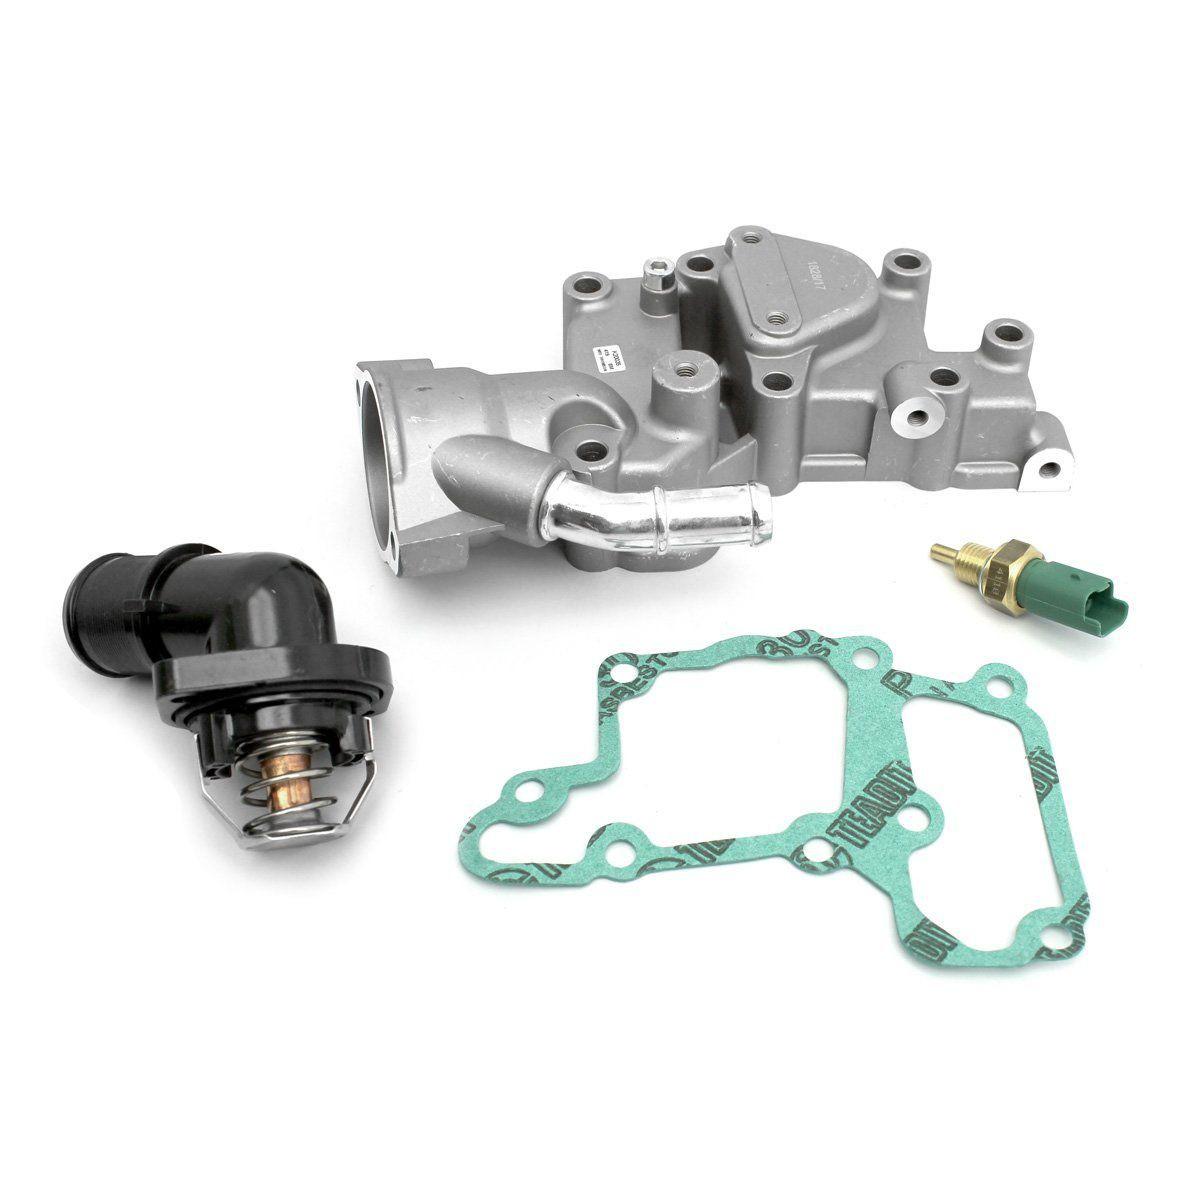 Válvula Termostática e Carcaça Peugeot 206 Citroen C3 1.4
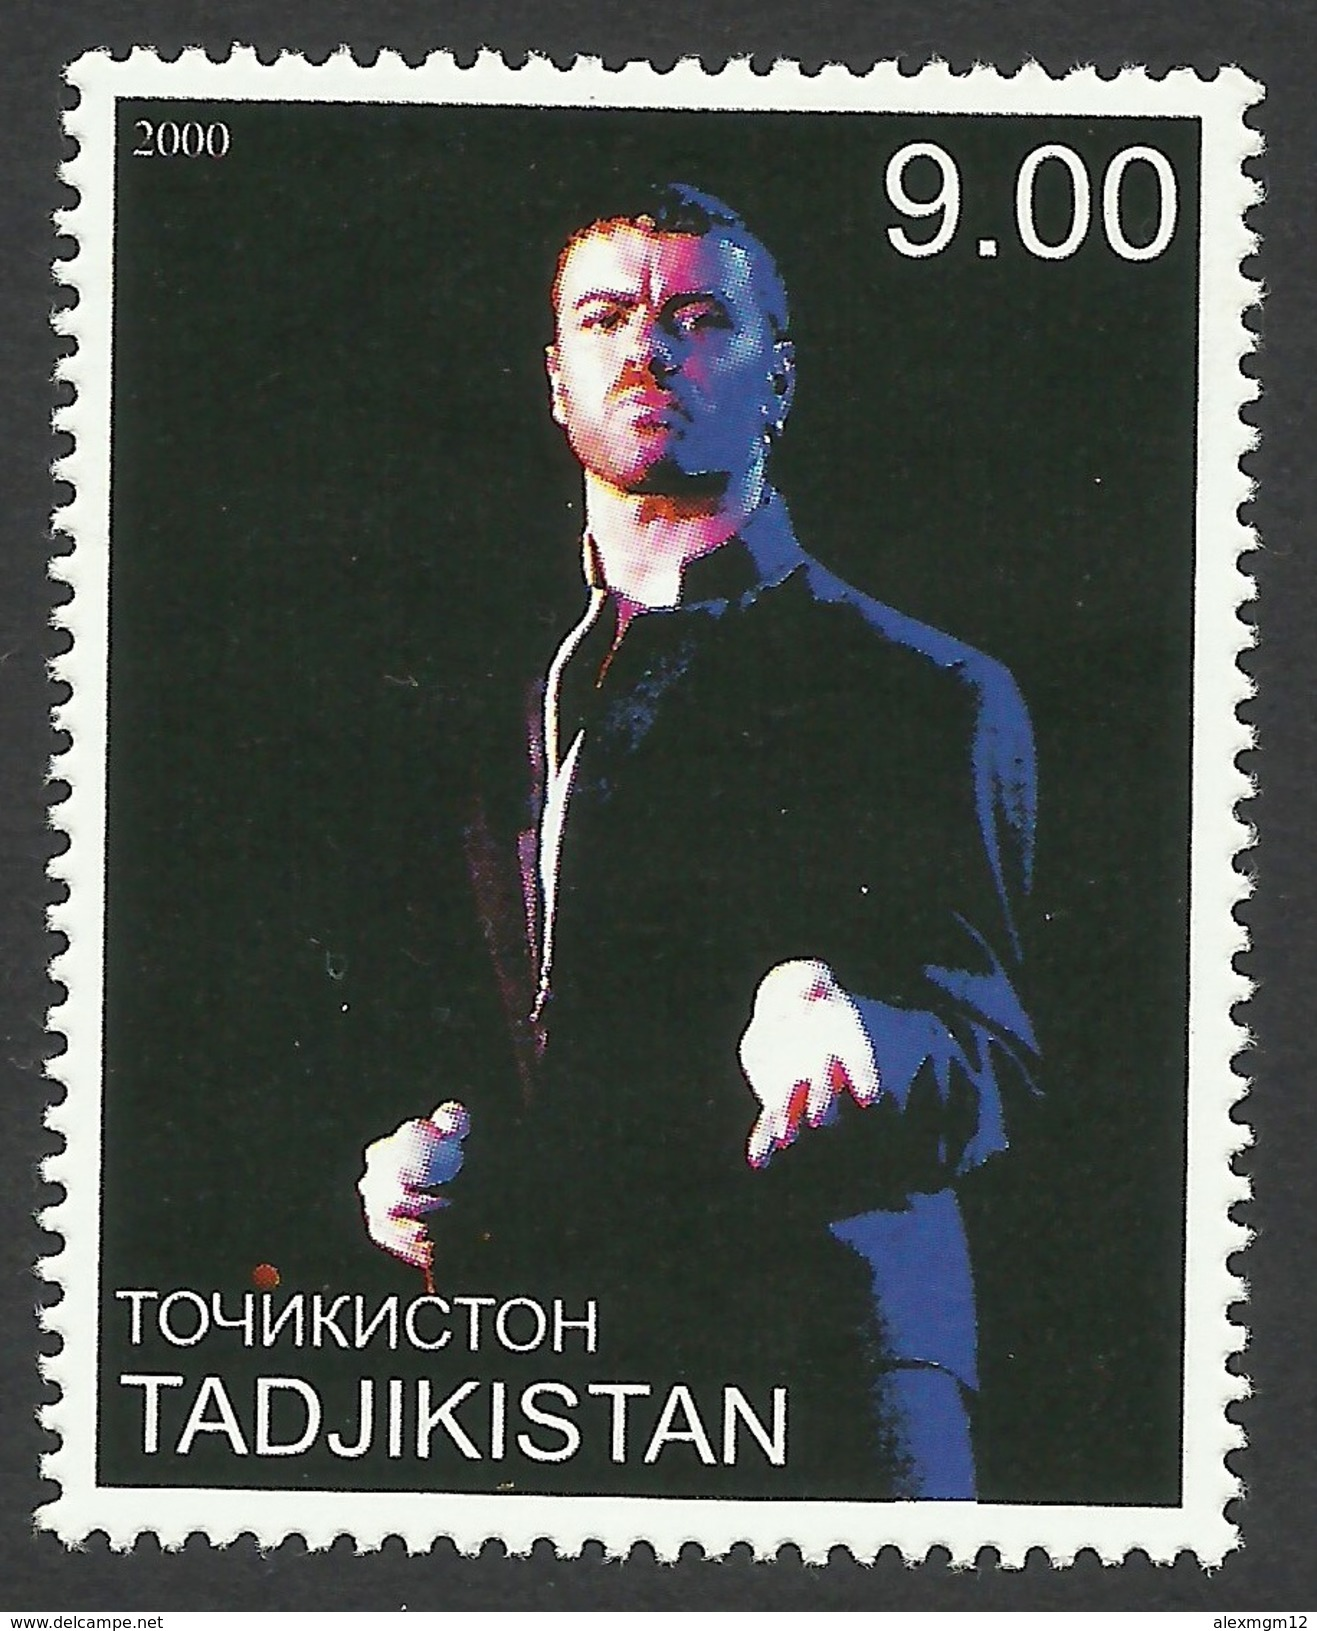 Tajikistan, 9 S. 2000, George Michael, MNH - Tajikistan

################

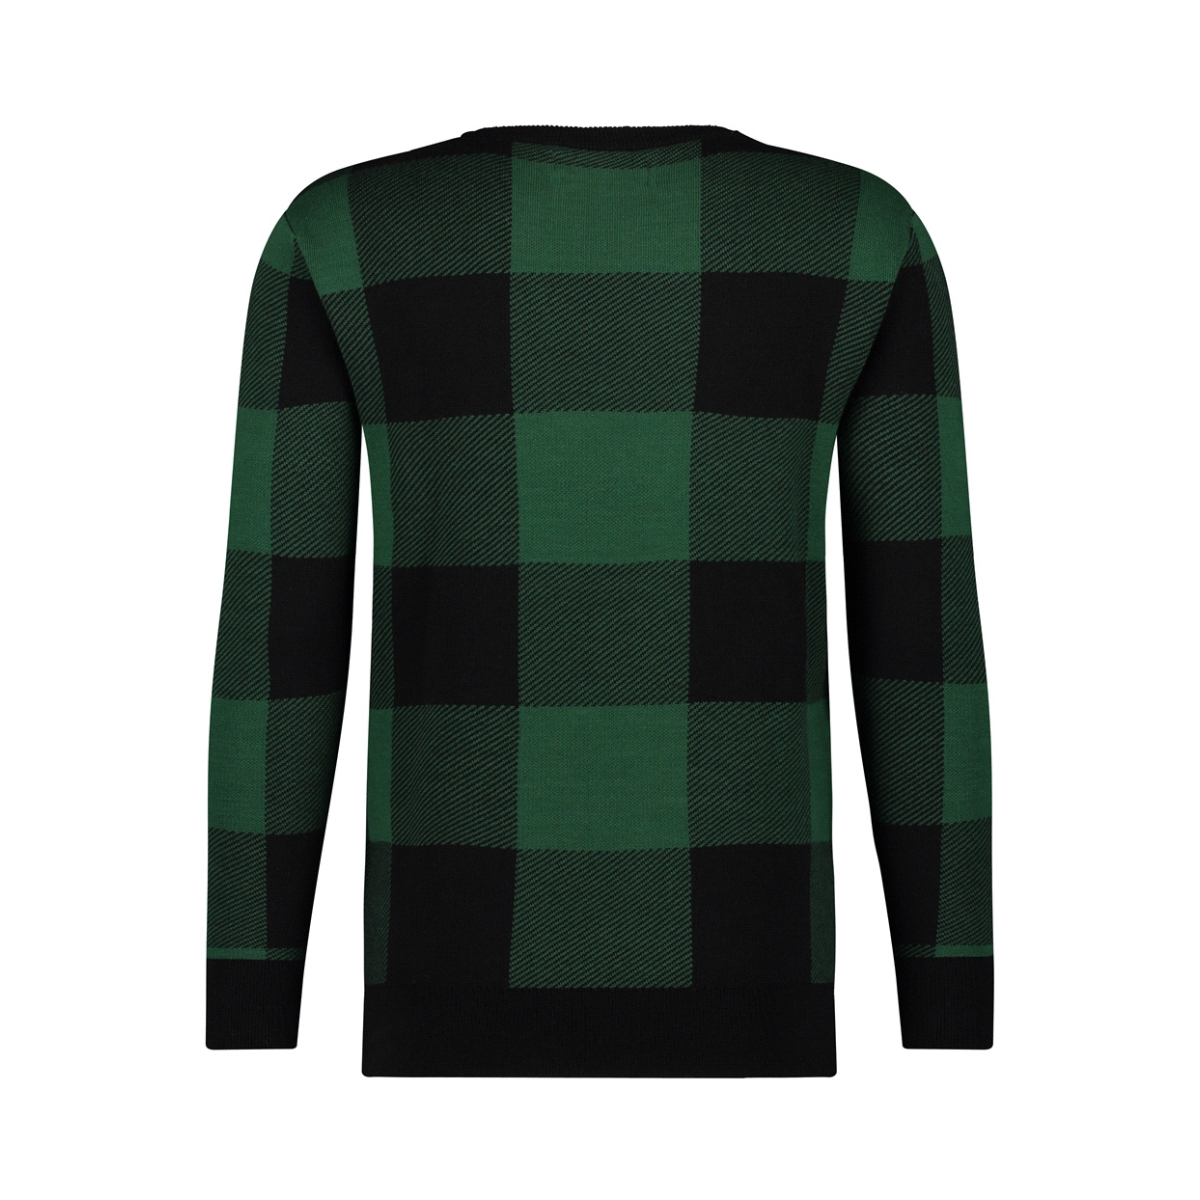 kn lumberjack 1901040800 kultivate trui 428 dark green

################

WORK TASK
An exact copy of the lines above from the one with "Válvula Termostática e" up to and including the one with "Tajikistan, 9 S." is required; reproduce only those lines, omitting all pictures.

YOUR RESPONSE
 Válvula Termostática e Carcaça Peugeot 206 Citroen C3 1.4
 Tajikistan, 9 S. 2000, George Michael, MNH - Tajikistan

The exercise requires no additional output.